Client portfolios will inevitably reflect headline-worthy dips in the market, and when they do, it’s only natural for investors to ask themselves whether what they’re doing is right for them. Or if there’s anyone else out there doing it better.

We recently published a post on evergreen value that continues to apply here, but there are two key points to keep in mind:

Be communicative.

Make sure your entire client base can easily access and understand your rationale. Formal, well-communicated investment methodologies instill confidence, and confident people don’t look elsewhere for advice.

Whenever possible, this communication should be personalized to the individual. Each client should feel that in spite of market forces beyond your control, they are still very much on track to their long-term goals.

Be visible.

If investors are having second thoughts, you might as well offer a second opinion. 

The flurry of activity that’s happening right now online is driven by people who are open—if temporarily—to considering new strategies for their investments. These people are more likely to land on advisor sites that are putting out content specifically addressing the current market climate and offering tangible solutions.  

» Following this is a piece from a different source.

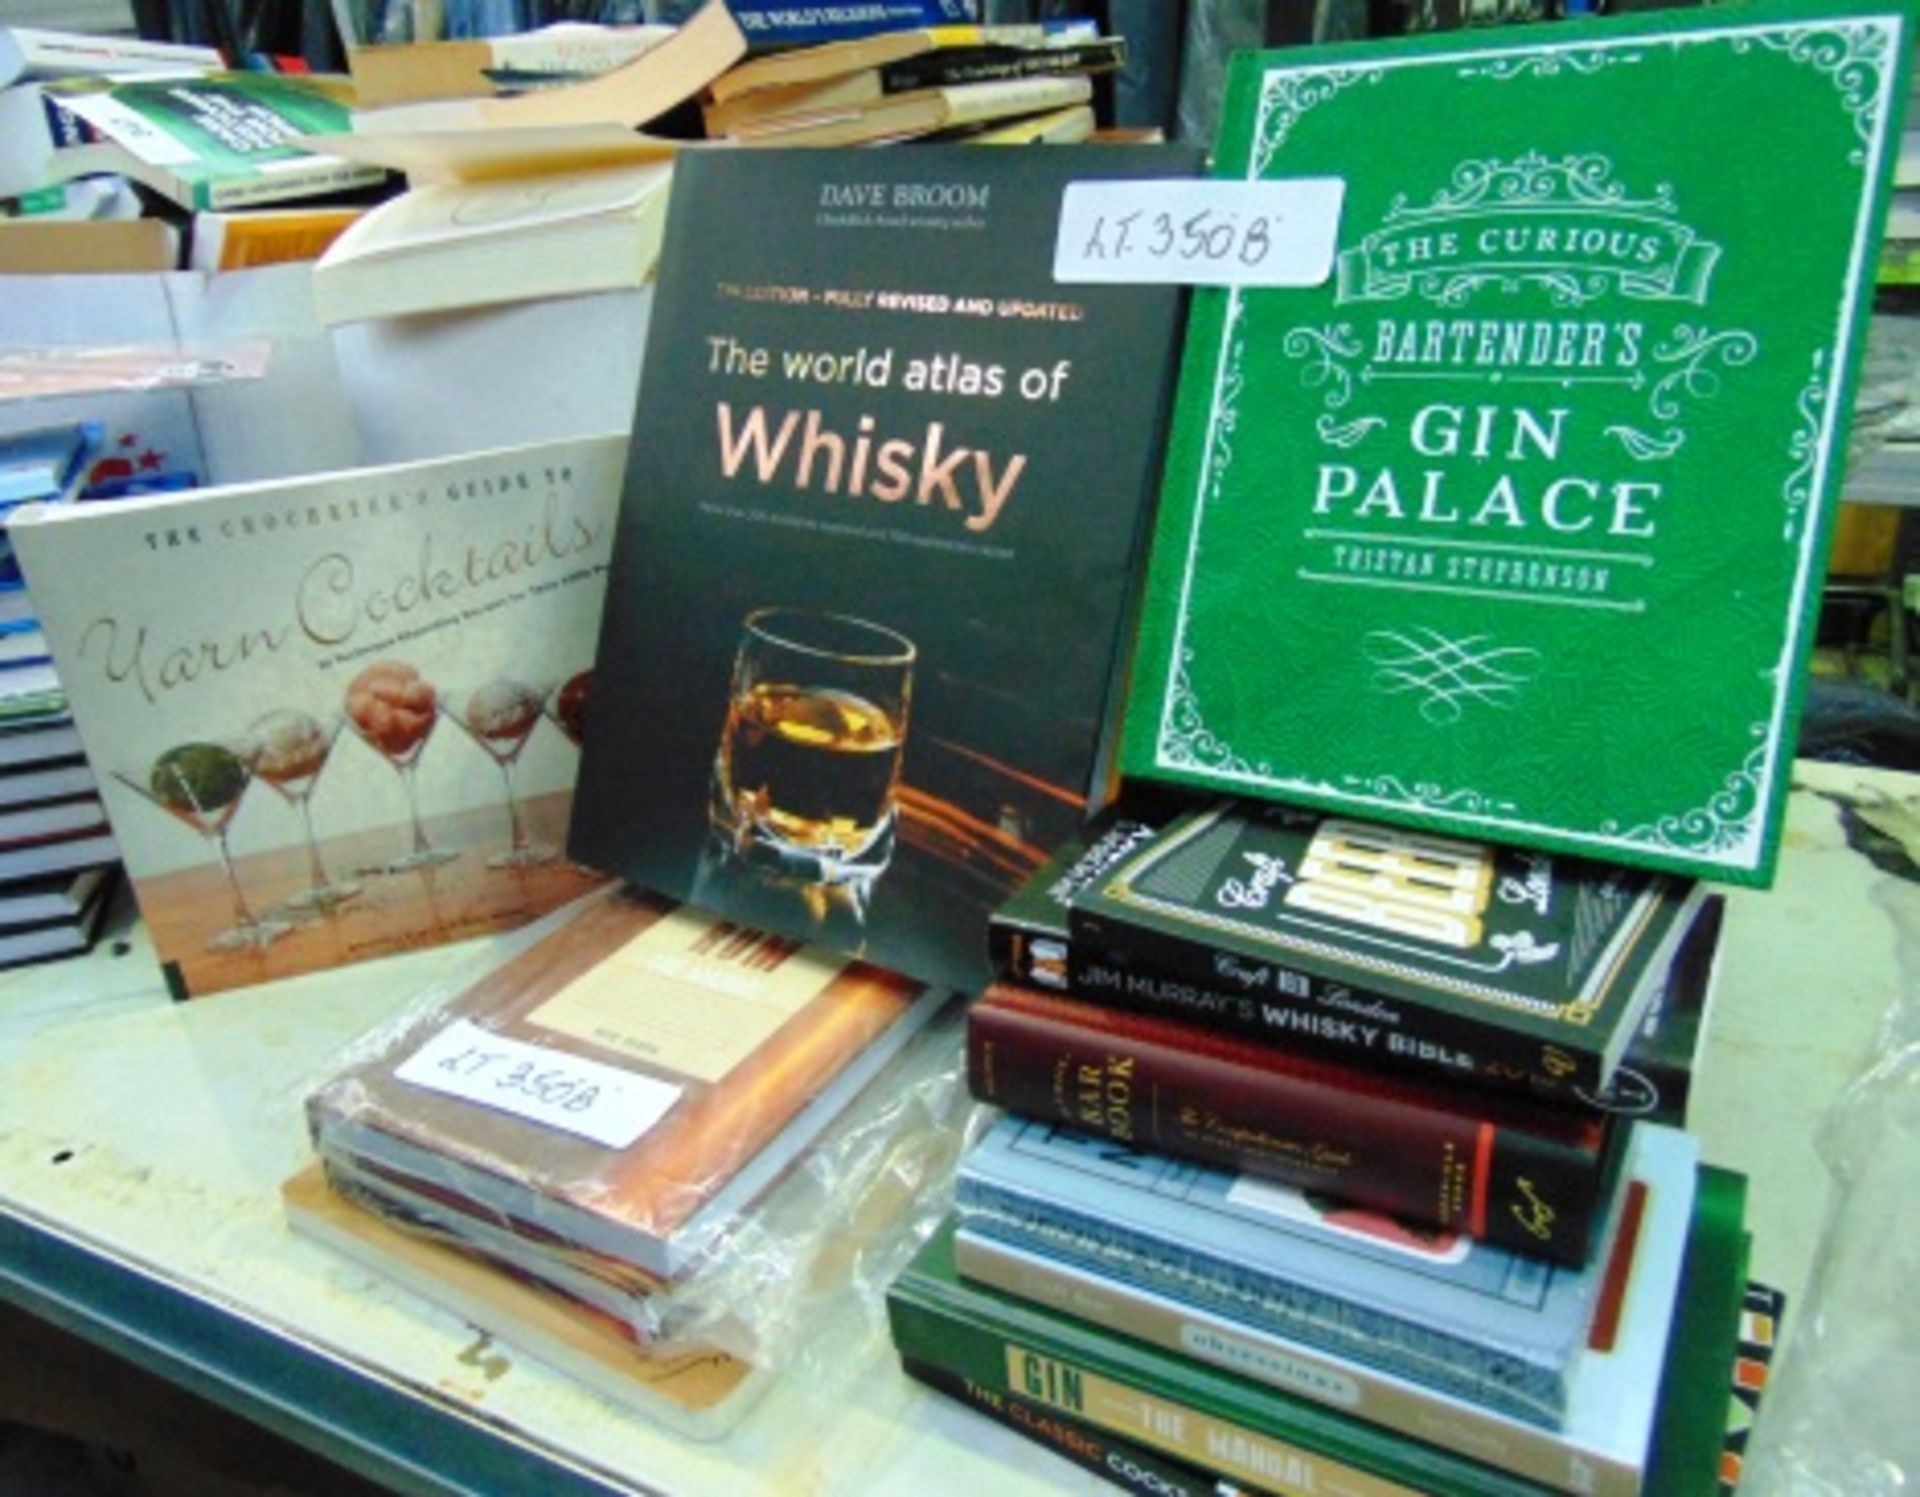 13 Assorted books on drink including The World Atlas of Whisky by David Broom and The Curious

If you have a trove of dormant opportunities, like blog subscribers or an old lead list, try a targeted campaign that may catch the attention of those with renewed interest in making a change.

Being both communicative and visible can help ensure that among all this potential movement, existing clients stay put and new ones come into view. 

So even in this busy time, it’s worth prioritizing your marketing and branding. Let clients know they’re well taken care of, and start getting in front of prospects who are thinking they might not be.